The ajax-datatables-rails gem expects a params[:columns] hash. But in some scenarios (initial page load?), this was nil.

The fix: Override aggregate_query to handle nil params.

app/datatables/task_set_datatable.rb:

class TaskSetDatatable < AjaxDatatablesRails::ActiveRecord
  # ...

  def aggregate_query
    return @records if params[:columns].blank?
    super
  end
end

If params[:columns] is missing, just return the base query. Otherwise call the parent implementation.

This feels like a gem bug (it should handle nil gracefully), but the workaround is simple.

10. rejection_reasons Returning nil Instead of Empty Array

Symptom: View rendering errors on rejection_reasons.each.

The rejection_reasons method fetched data from a GithubContent model. If the record didn’t exist, it returned nil. Views expected an array.

The fix: Return empty array as fallback.

Before:

def rejection_reasons
  GithubContent.find_by(name: 'rejection_reasons')&.data
end

After:

def rejection_reasons
  GithubContent.find_by(name: 'rejection_reasons')&.data || []
end

Simple nil-guarding. The &. (safe navigation) prevents errors if the record is missing, and || [] ensures we always return an enumerable.

What I Learned

1. Test coverage matters, but so does production-like testing.

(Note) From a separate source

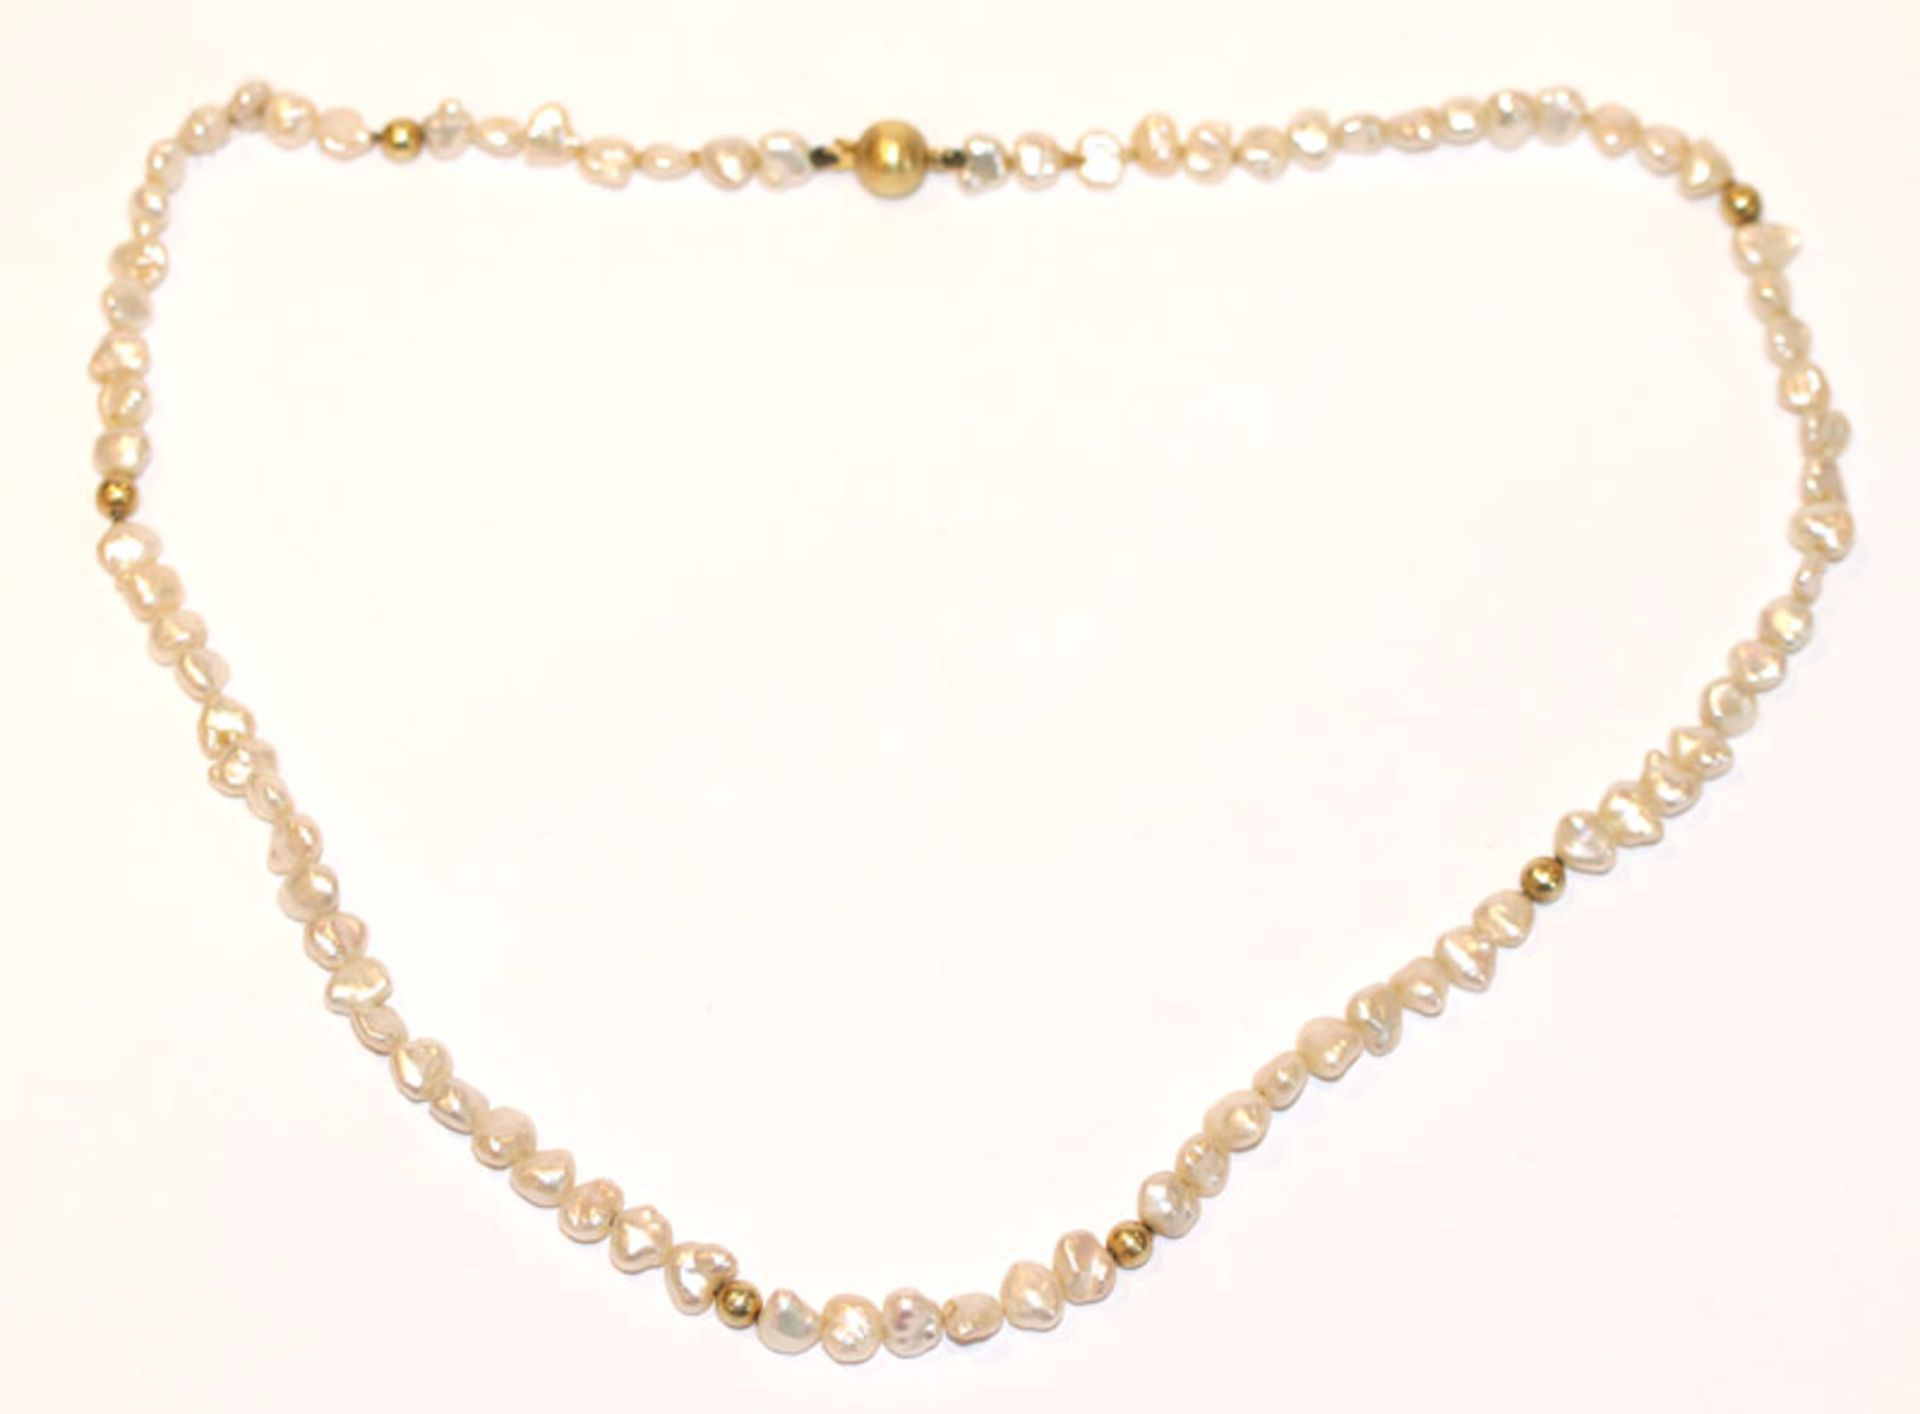 Süsswasser-Perlenkette mit 14 k Gelbgold Schließe und Zwischenkugeln, 40 cm

Our test suite was at 80% coverage. All tests passed after the belongs_to fixes. But login was still broken. Why? Because we didn’t have integration tests that actually exercised the full authentication flow with cookies and CSRF tokens.

Unit tests catch logic errors. Integration tests catch plumbing errors.

2. Deprecation warnings are not optional.

We ignored some deprecation warnings in Rails 5.0. By Rails 5.2, those deprecated features were removed entirely. The warnings are the upgrade guide.

Fix them immediately, or document why you’re deferring them.

3. Gem upgrades are part of Rails upgrades.

Rails 5.2 required newer versions of:

  • jquery-datatables-rails (2.2.3 → 3.4.0)
  • ajax-datatables-rails (0.3.1 → 0.4.3)
  • devise (4.2 → 4.7)
  • carrierwave (1.0 → 2.1)

Each gem upgrade brought its own breaking changes. You’re not just upgrading Rails—you’re upgrading the ecosystem.

4. Cookie/session issues are the worst to debug.

No stack trace. No error message. Just “it doesn’t work.” These issues require methodical elimination:

  • Check browser DevTools → Application → Cookies
  • Check browser DevTools → Network → Headers for CSRF tokens
  • Add byebug to controller actions to inspect session state
  • Test with CSRF protection disabled to isolate the issue

Next Steps

Rails 5.2 is now stable. All tests pass. Manual testing shows no obvious breakage.

Phase 4: Rails 5.2 → 6.0. This is where Zeitwerk (the new autoloader) enters. I expect namespace and constant loading issues.

Also on the radar:

  • Migrate remaining .css.scss references in gems/vendor code
  • Add integration tests for authentication flows
  • Audit all belongs_to associations—some might actually be required and shouldn’t be optional: true

Appendix: File Changes Summary

Time spent: ~8 hours (includes debugging, testing, iteration)

Tests: All passing (80% coverage)


This is part of an ongoing series documenting our Rails 4.2 → Rails 8 upgrade. The goal is to share the real costs and complexity of maintaining a Rails app through major version changes.